As the Q2 earnings season wraps, let’s dig into this quarter’s best and worst performers in the data & business process services industry, including TransUnion (NYSE:TRU) and its peers.
A combination of increasing reliance on data and analytics across various industries and the desire for cost efficiency through outsourcing could mean that companies in this space gain. As functions such as payroll, HR, and credit risk assessment rely on more digitization, key players in the data & business process services industry could be increased demand. On the other hand, the sector faces headwinds from growing regulatory scrutiny on data privacy and security, with laws like GDPR and evolving U.S. regulations potentially limiting data collection and monetization strategies. Additionally, rising cyber threats pose risks to firms handling sensitive personal and financial information, creating outsized headline risk when things go wrong in this area.
The 10 data & business process services stocks we track reported a satisfactory Q2. As a group, revenues beat analysts’ consensus estimates by 2.5% while next quarter’s revenue guidance was 0.7% below.
Thankfully, share prices of the companies have been resilient as they are up 9.6% on average since the latest earnings results.
TransUnion (NYSE:TRU)
One of the three major credit bureaus in the United States alongside Equifax and Experian, TransUnion (NYSE:TRU) is a global information and insights company that provides credit reports, fraud prevention tools, and data analytics to help businesses make decisions and consumers manage their financial health.
TransUnion reported revenues of $1.14 billion, up 9.5% year on year. This print exceeded analysts’ expectations by 3.7%. Overall, it was a satisfactory quarter for the company with a solid beat of analysts’ revenue estimates but a miss of analysts’ EPS guidance for next quarter estimates.
“In the second quarter, TransUnion delivered strong results that again exceeded financial guidance,” said Chris Cartwright, President and CEO.
Unsurprisingly, the stock is down 18.7% since reporting and currently trades at $76.78.
Pioneering the concept of "agile aerospace" with hundreds of small but powerful satellites, Planet Labs (NYSE:PL) operates the world's largest fleet of Earth observation satellites, capturing daily images of our planet to provide insights on deforestation, agriculture, and climate change.
Planet Labs reported revenues of $73.39 million, up 20.1% year on year, outperforming analysts’ expectations by 11.2%. The business had an incredible quarter with a beat of analysts’ EPS and revenue estimates.
Planet Labs achieved the biggest analyst estimates beat and fastest revenue growth among its peers.

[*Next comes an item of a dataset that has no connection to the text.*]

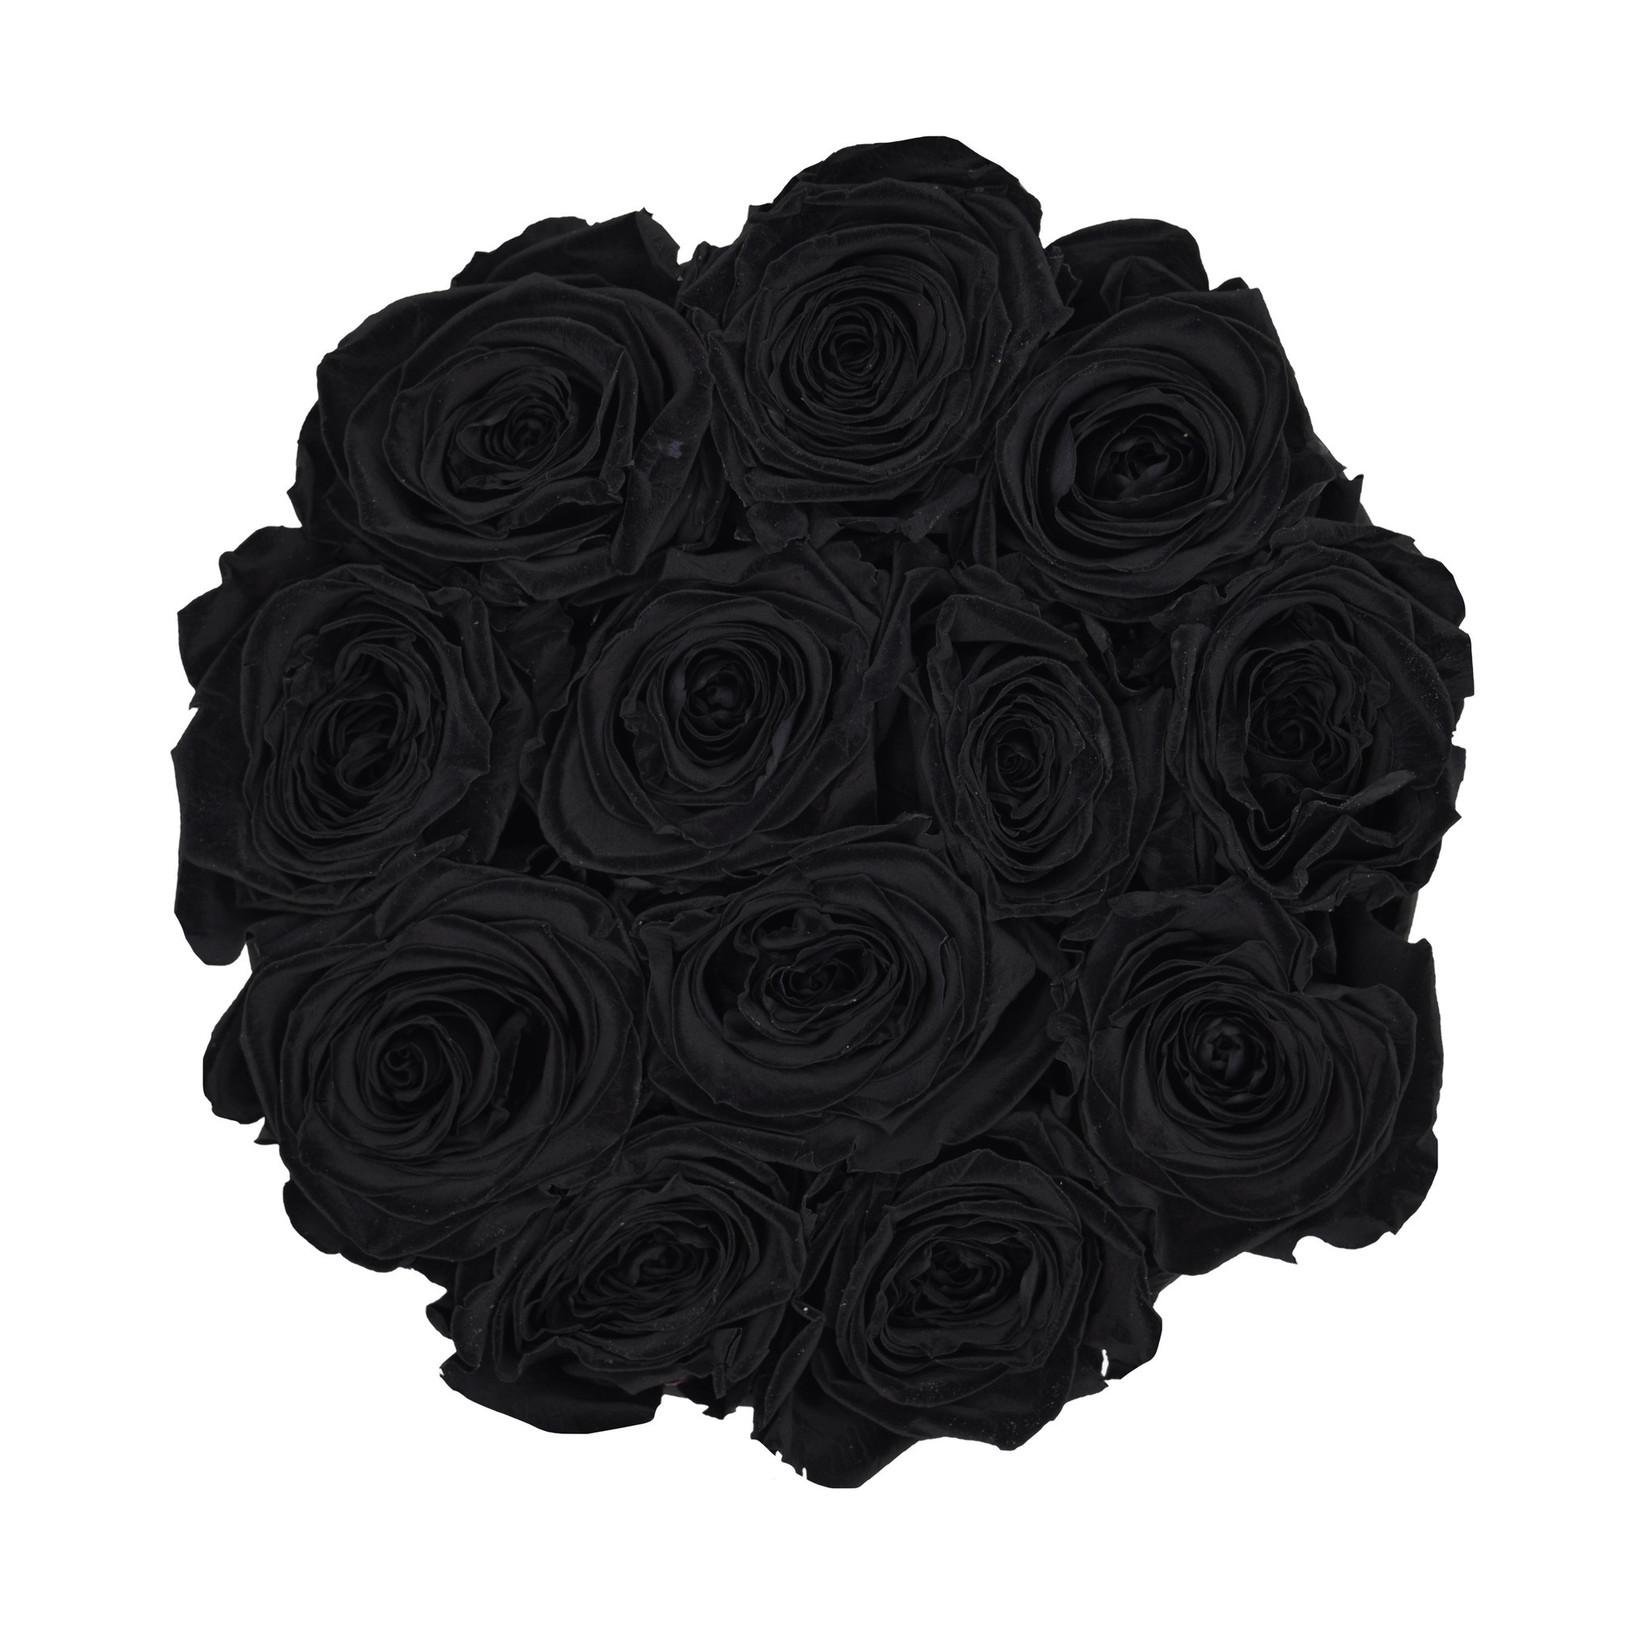 Small - Black Endless Roses - White Box
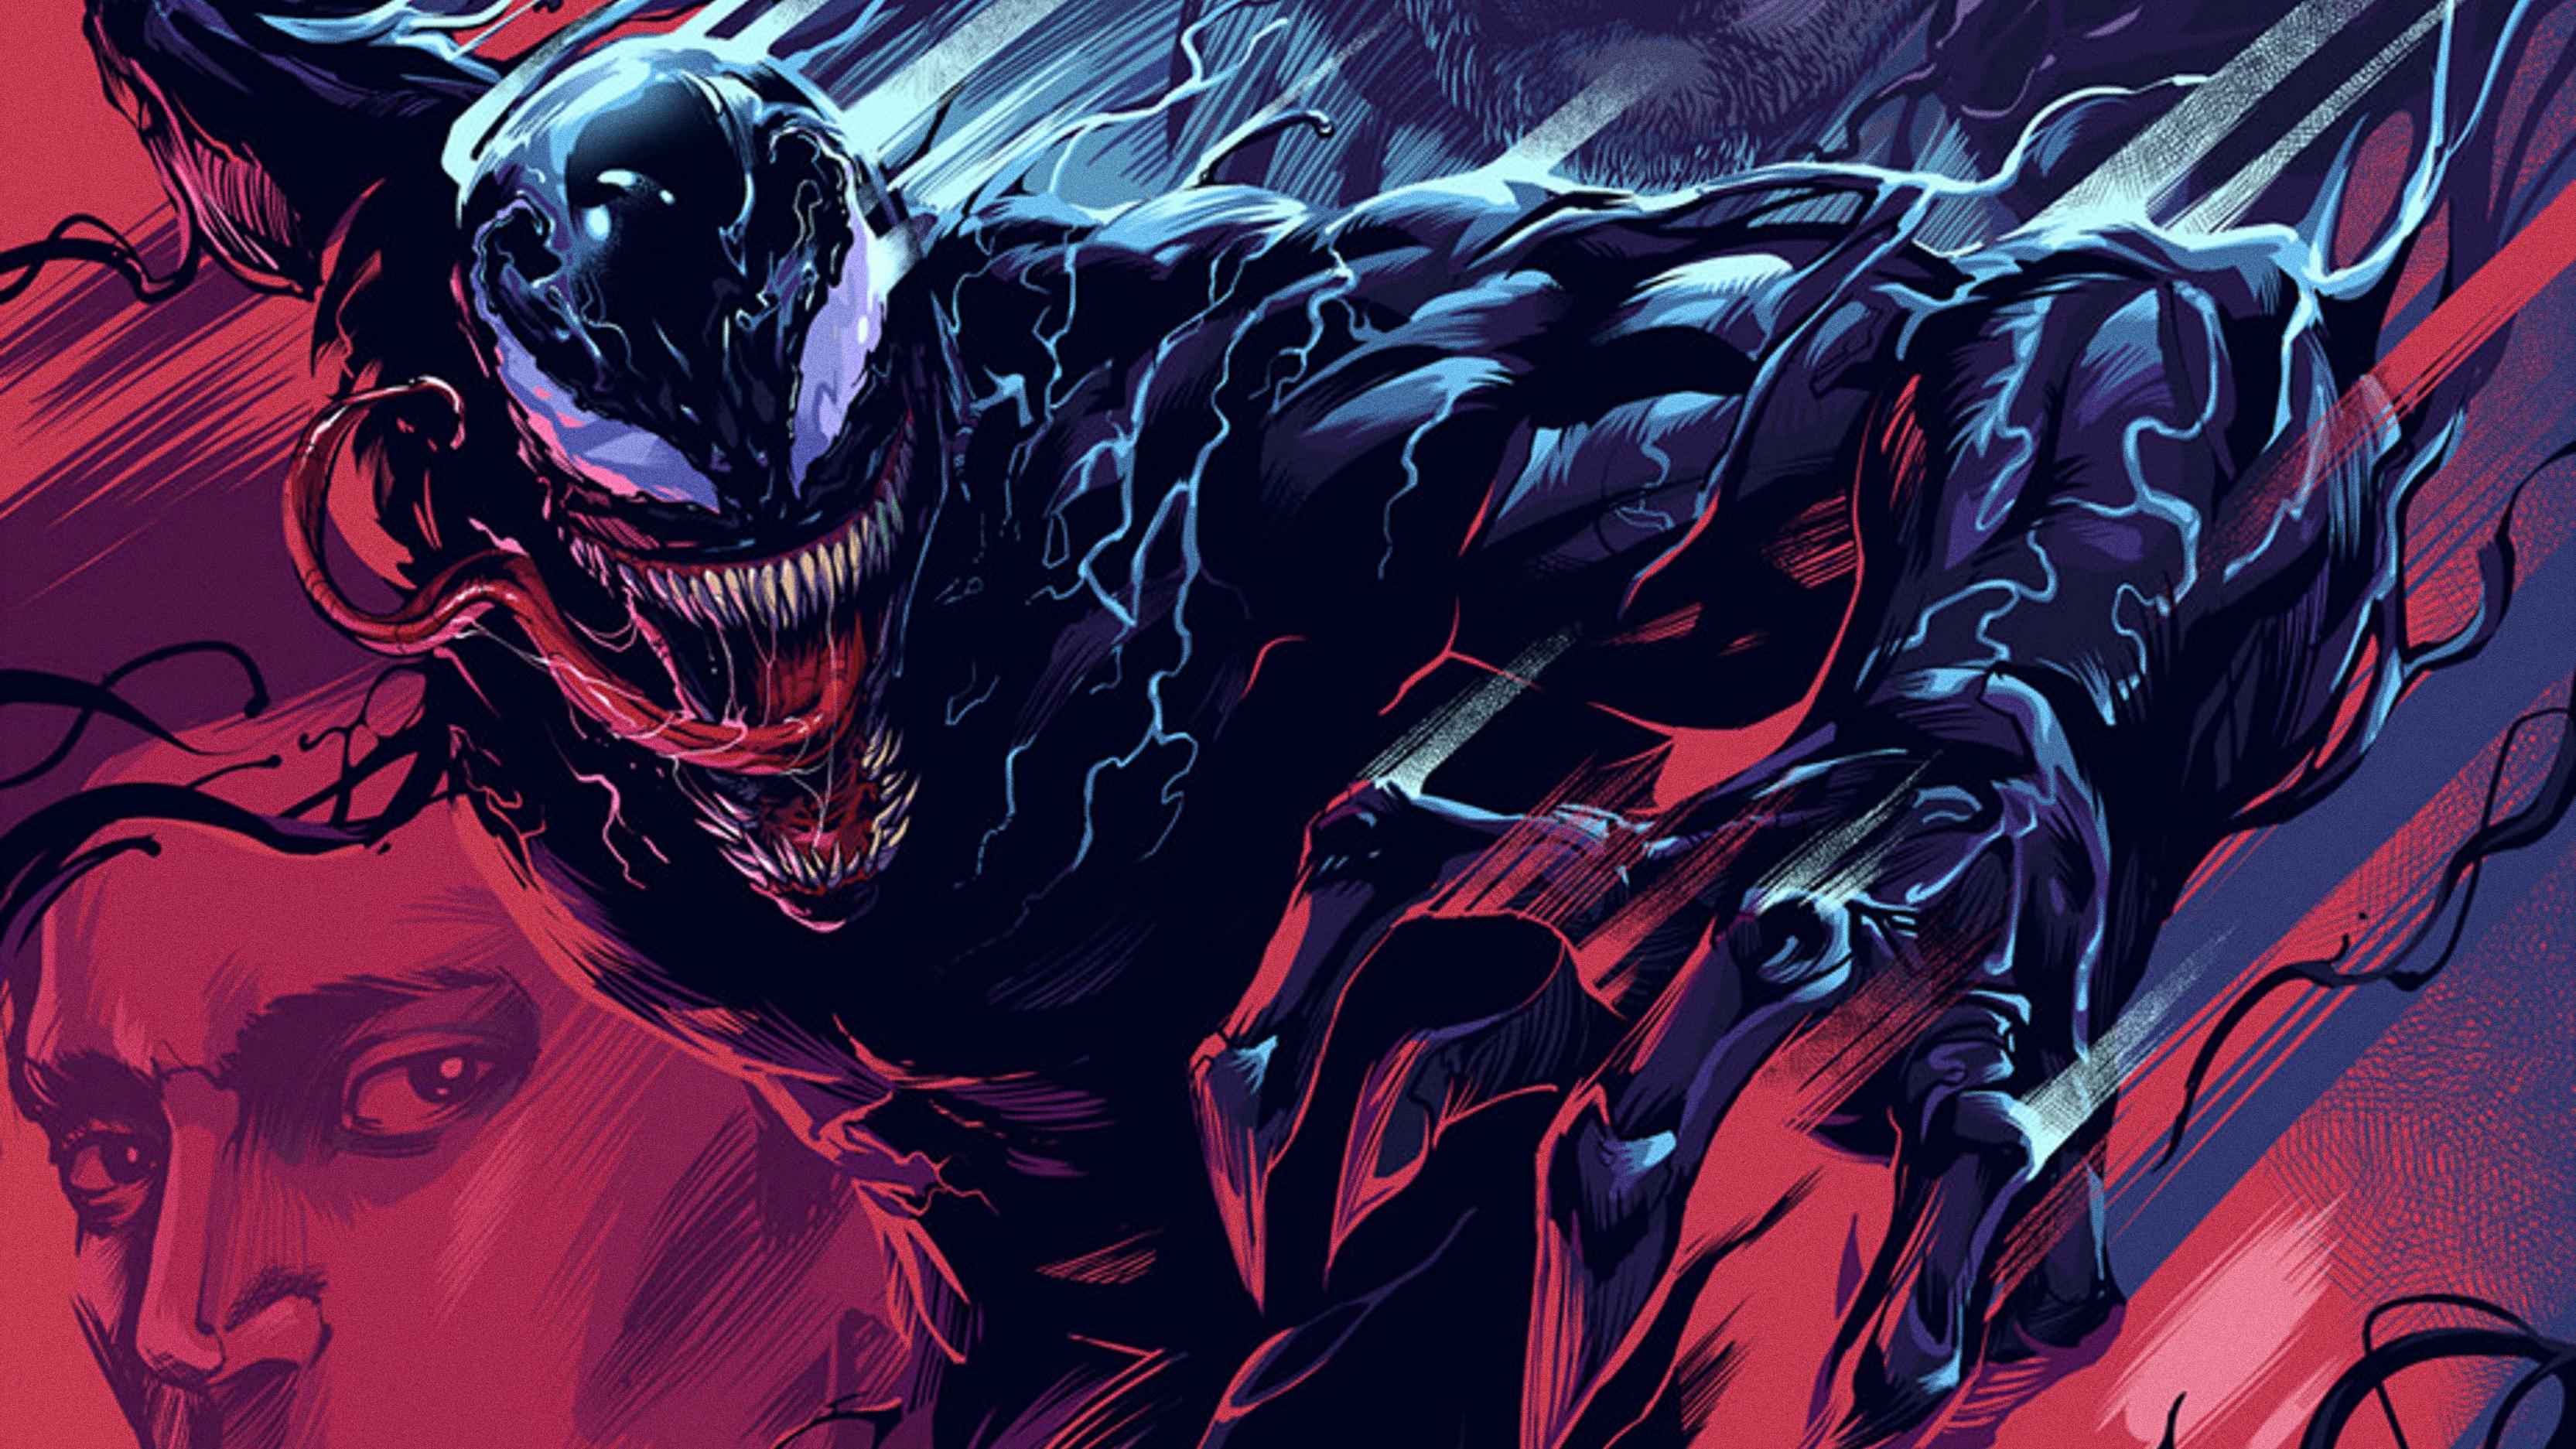 Venom artwork 4k 2018 hd superheroes 4k wallpapers - 4k wallpaper venom ...

The market seems happy with the results as the stock is up 147% since reporting. It currently trades at $16.15.
Holding detailed financial records on over 800 million consumers worldwide and dating back to 1899, Equifax (NYSE:EFX) is a global data analytics company that collects, analyzes, and sells consumer and business credit information to lenders, employers, and other businesses.
Equifax reported revenues of $1.54 billion, up 7.4% year on year, exceeding analysts’ expectations by 1.5%. Still, it was a slower quarter as it posted a miss of analysts’ full-year EPS guidance estimates.
As expected, the stock is down 6.5% since the results and currently trades at $242.90.
Processing one out of every six paychecks in the United States, ADP (NASDAQ:ADP) provides cloud-based human capital management solutions that help businesses manage payroll, benefits, talent acquisition, and HR administration.
ADP reported revenues of $5.13 billion, up 7.5% year on year. This result surpassed analysts’ expectations by 1.9%. Zooming out, it was a mixed quarter as it also logged a decent beat of analysts’ revenue estimates.
The stock is down 5.3% since reporting and currently trades at $292.40.
With a research department that makes over 10,000 property updates daily to its 35-year-old database, CoStar Group (NASDAQ:CSGP) provides comprehensive real estate data, analytics, and online marketplaces for commercial and residential properties in the U.S. and U.K.
CoStar reported revenues of $781.3 million, up 15.3% year on year. This print beat analysts’ expectations by 1.2%. Taking a step back, it was a mixed quarter as it also produced a beat of analysts’ EPS estimates but a significant miss of analysts’ full-year EPS guidance estimates.
CoStar had the weakest full-year guidance update among its peers. The stock is down 5.2% since reporting and currently trades at $80.60.
In response to the Fed’s rate hikes in 2022 and 2023, inflation has been gradually trending down from its post-pandemic peak, trending closer to the Fed’s 2% target. Despite higher borrowing costs, the economy has avoided flashing recessionary signals. This is the much-desired soft landing that many investors hoped for. The recent rate cuts (0.5% in September and 0.25% in November 2024) have bolstered the stock market, making 2024 a strong year for equities. Donald Trump’s presidential win in November sparked additional market gains, sending indices to record highs in the days following his victory. However, debates continue over possible tariffs and corporate tax adjustments, raising questions about economic stability in 2025.